Use the minimal dataset for the fewest number of features to trigger memmaping in joblib.

…educe CI usage

thomasjpfan

I left comment about future API for joblib.

Overall this PR LGTM.

thomasjpfan · 2021-12-09T16:57:44Z

sklearn/linear_model/tests/test_coordinate_descent.py

+    # Unfortunately the scikit-learn and joblib APIs do not make it possible to
+    # change the max_nbyte of the inner Parallel call.
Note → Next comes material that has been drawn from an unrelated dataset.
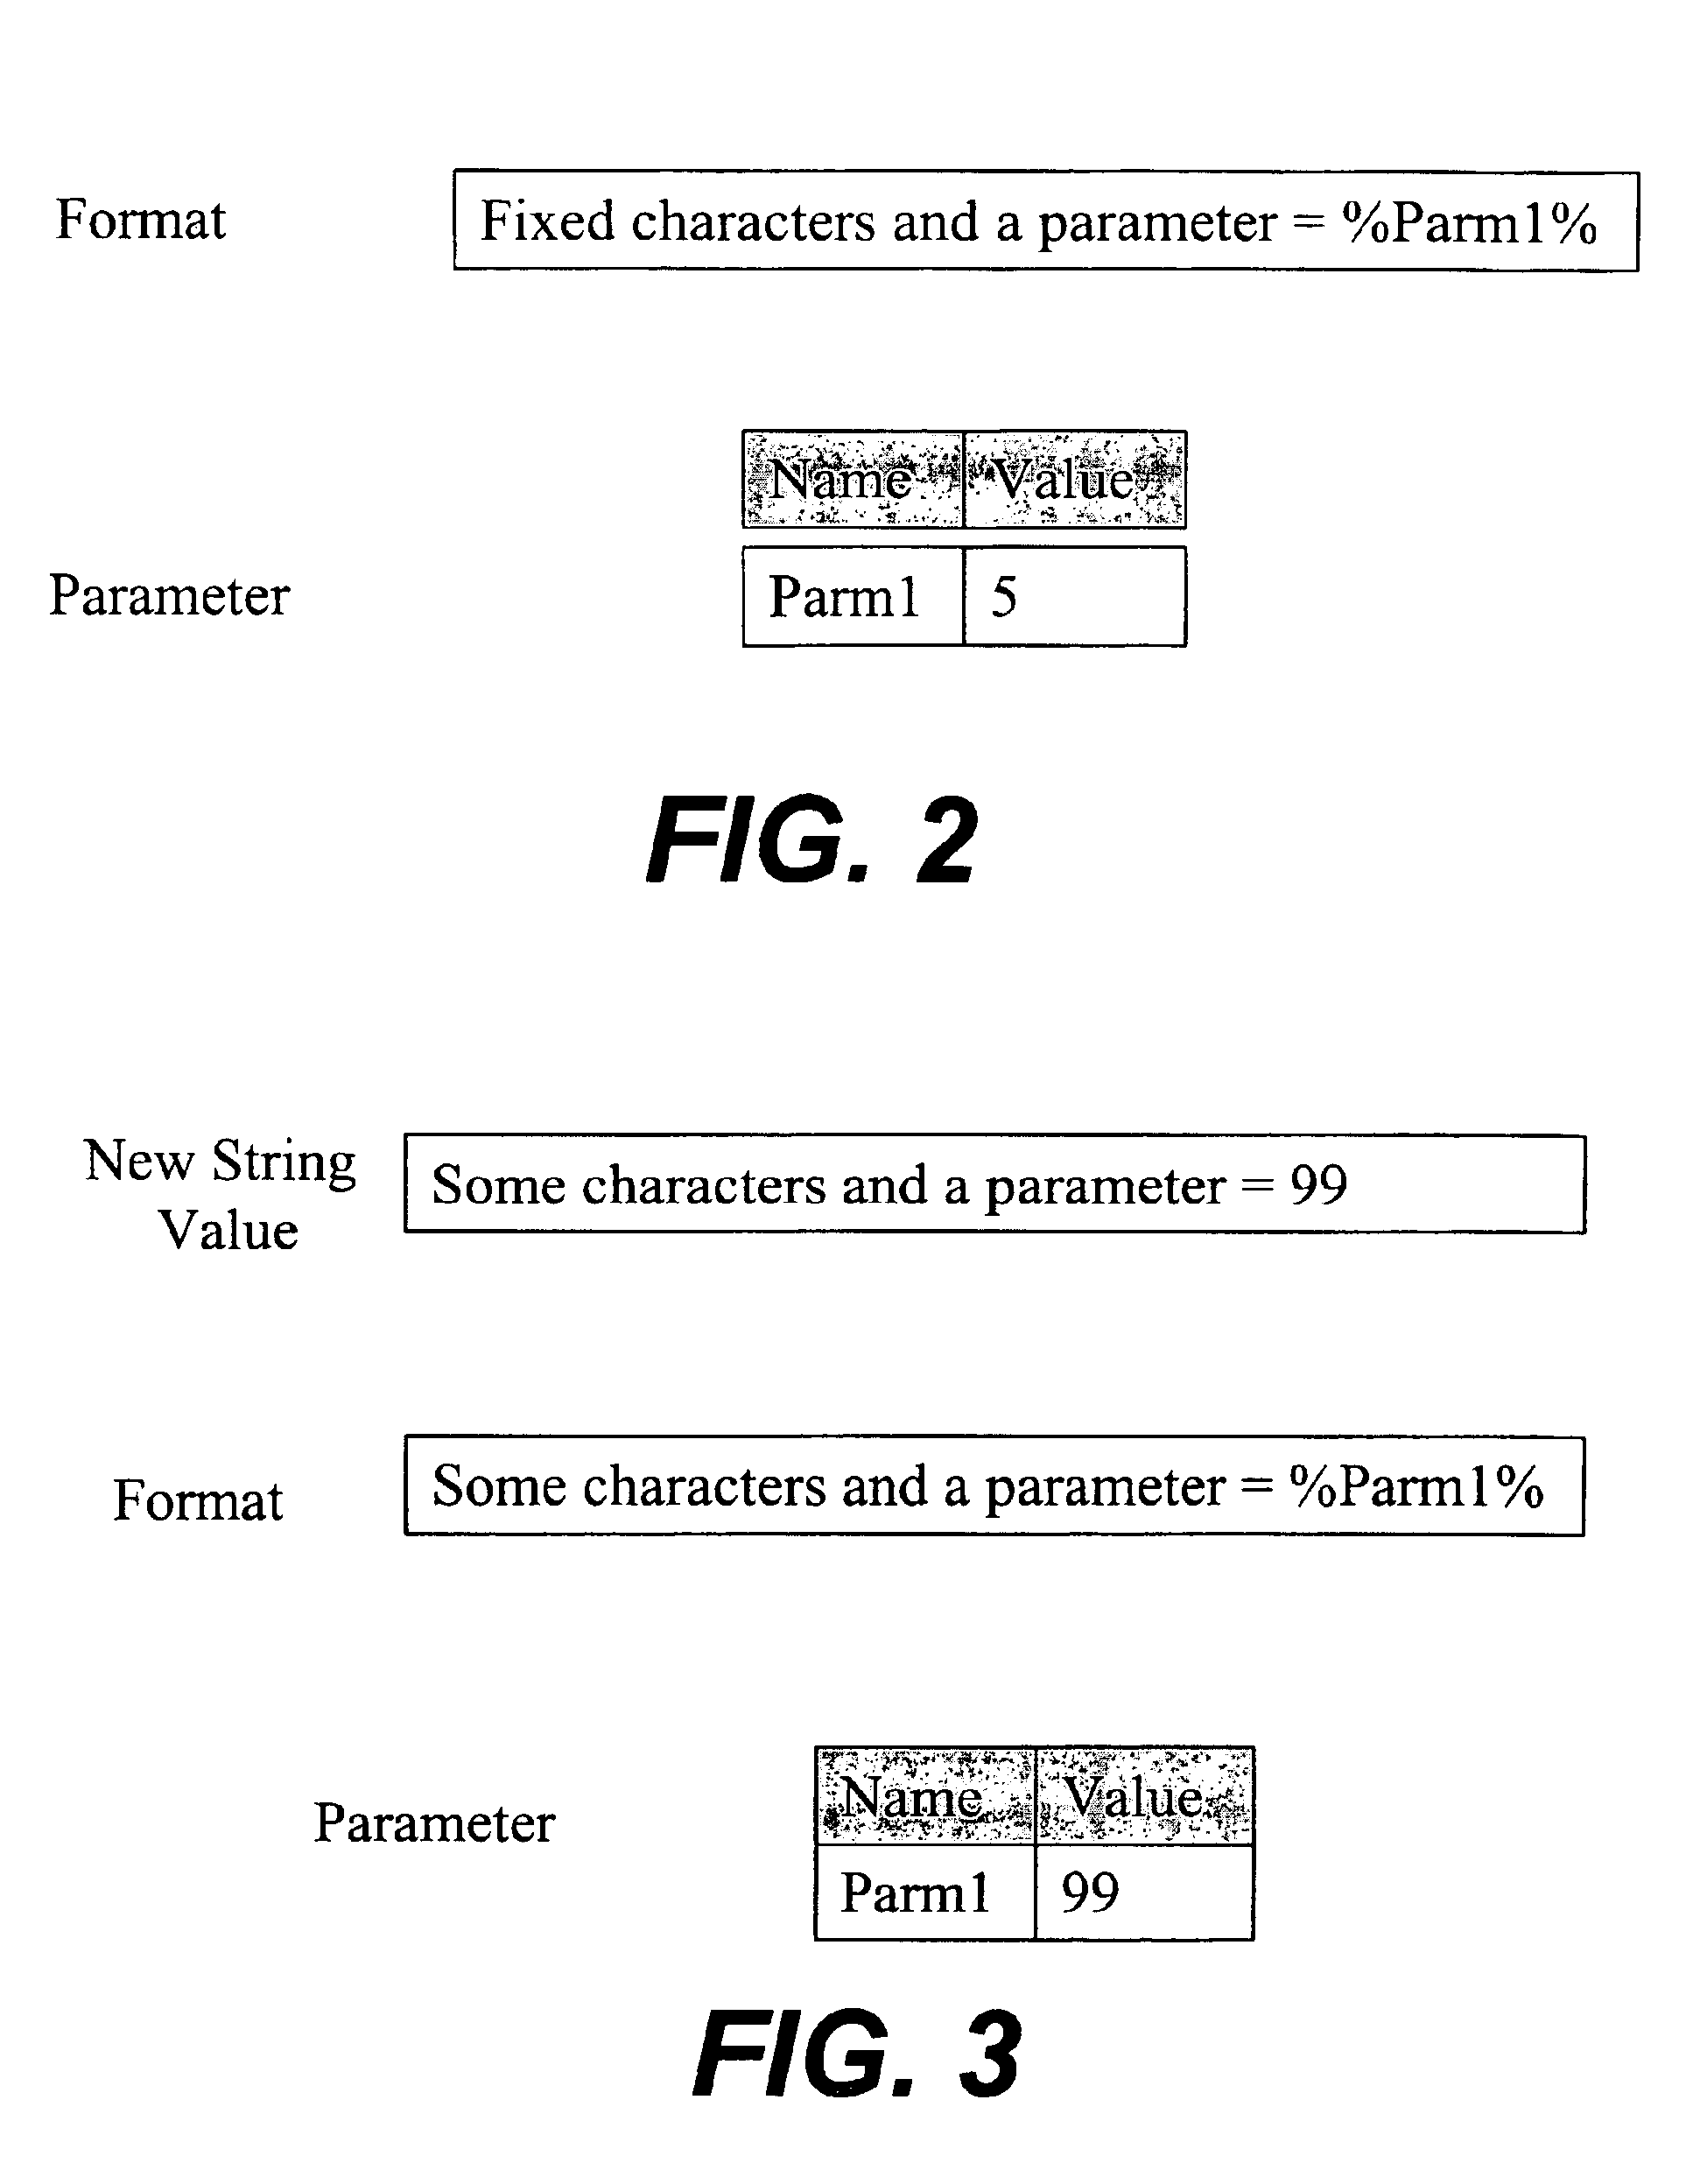 Active data type variable for use in software routines that facilitates customization of software routines and efficient triggering of variable processing

Do you think there should be an API for changing max_nbytes in the inner Parallel call? Something like:

with parallel_backend("loky", max_nbytes=1000): results = Parallel(n_jobs=4)(delayed(func)(x, y) for x, y in data)
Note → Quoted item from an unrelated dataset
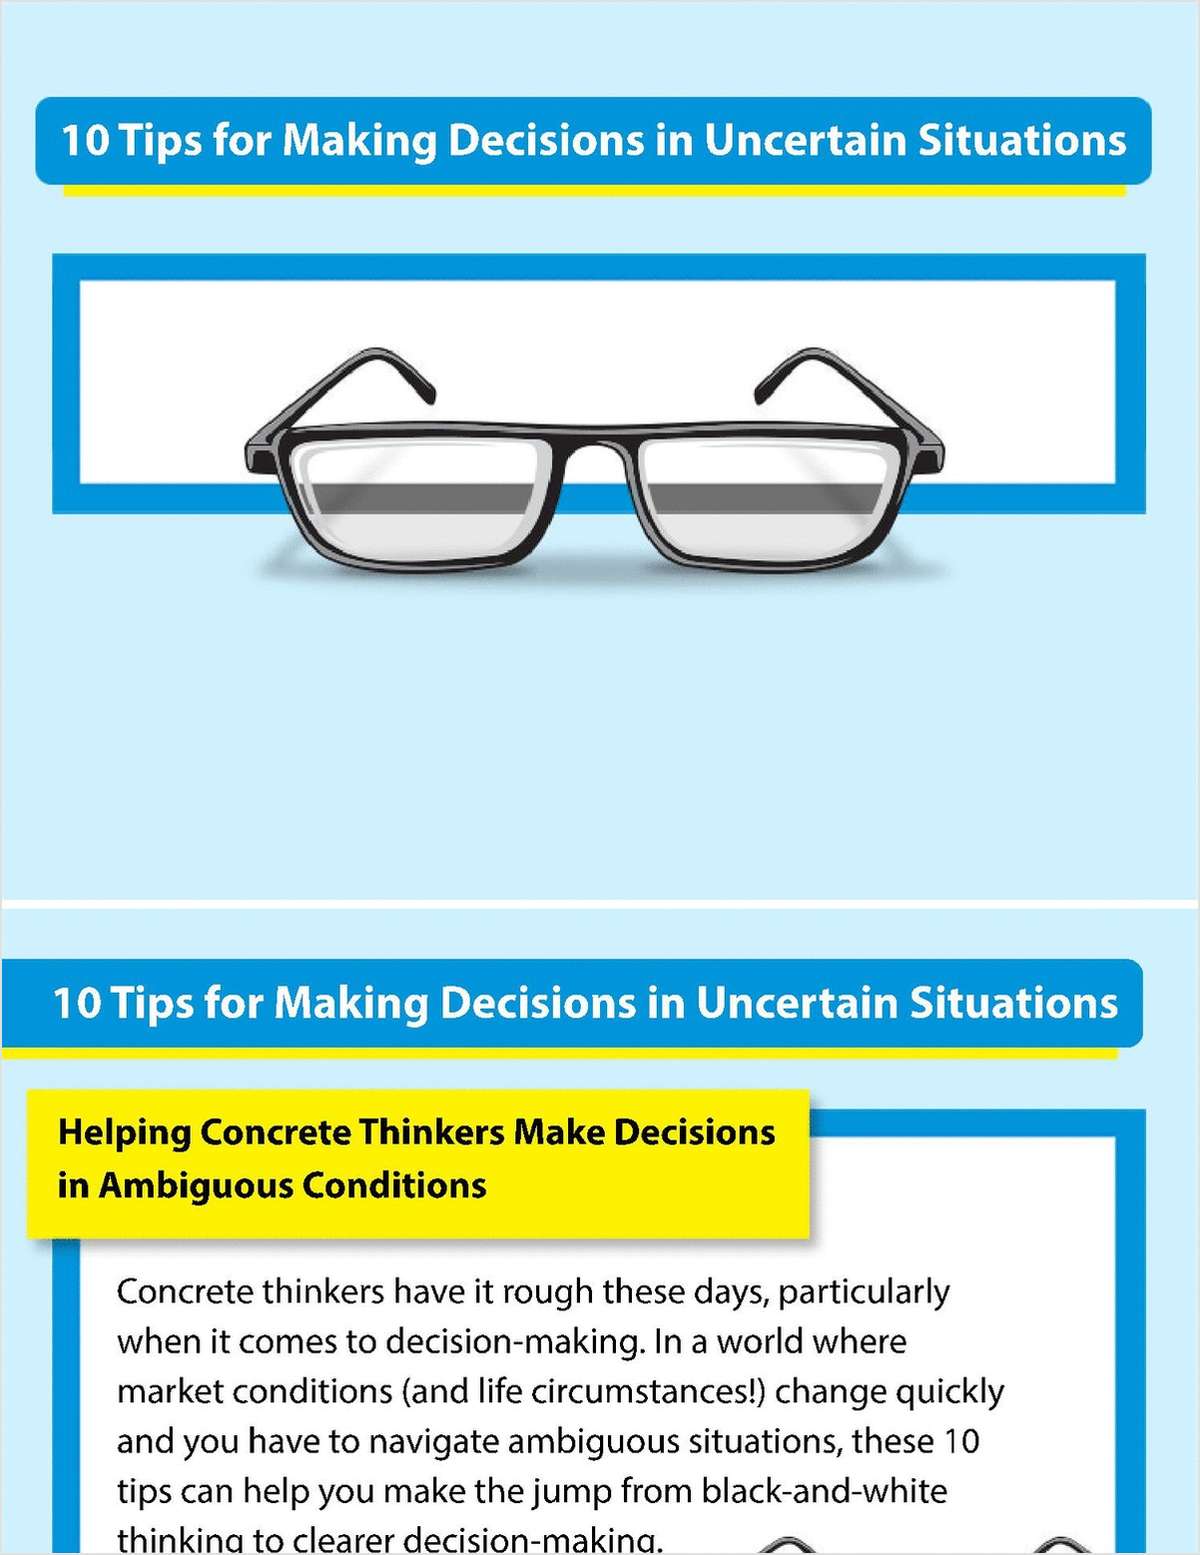 10 Tips for Making Decisions in Uncertain Situations

Yes that would be nice but unfortunately this conflicts with the current joblib backend API design and dealing with backward compat is...

If it is hard for joblib API wise, what do you think about adding a parallel_kwargs parameter to estimators that creates a Parallel object?

(I know this is a little counter to how we have been removing pre_dispatch from the estimator's __init__.)

We should probably find a way to change the parallel_backend to detect Parallel kwargs and treat time specifically instead of passing them as constructor arguments for the backend.

ogrisel · 2021-12-09T17:07:36Z

@jeremiedbb you might want to give this PR a second review.

jeremiedbb

This test is a non regression test for a fix regarding using the loky backend. By default these estimators use the threading backend which has always been working. We need to keep testing with the "loky" backend

sklearn/linear_model/tests/test_coordinate_descent.py

Co-authored-by: Thomas J. Fan <thomasjpfan@gmail.com>

ogrisel · 2021-12-09T17:46:51Z

This test is a non regression test for a fix regarding using the loky backend. By default these estimators use the threading backend which has always been working. We need to keep testing with the "loky" backend

Indeed, good catch, I had not realized. Let's see if the CI stays green.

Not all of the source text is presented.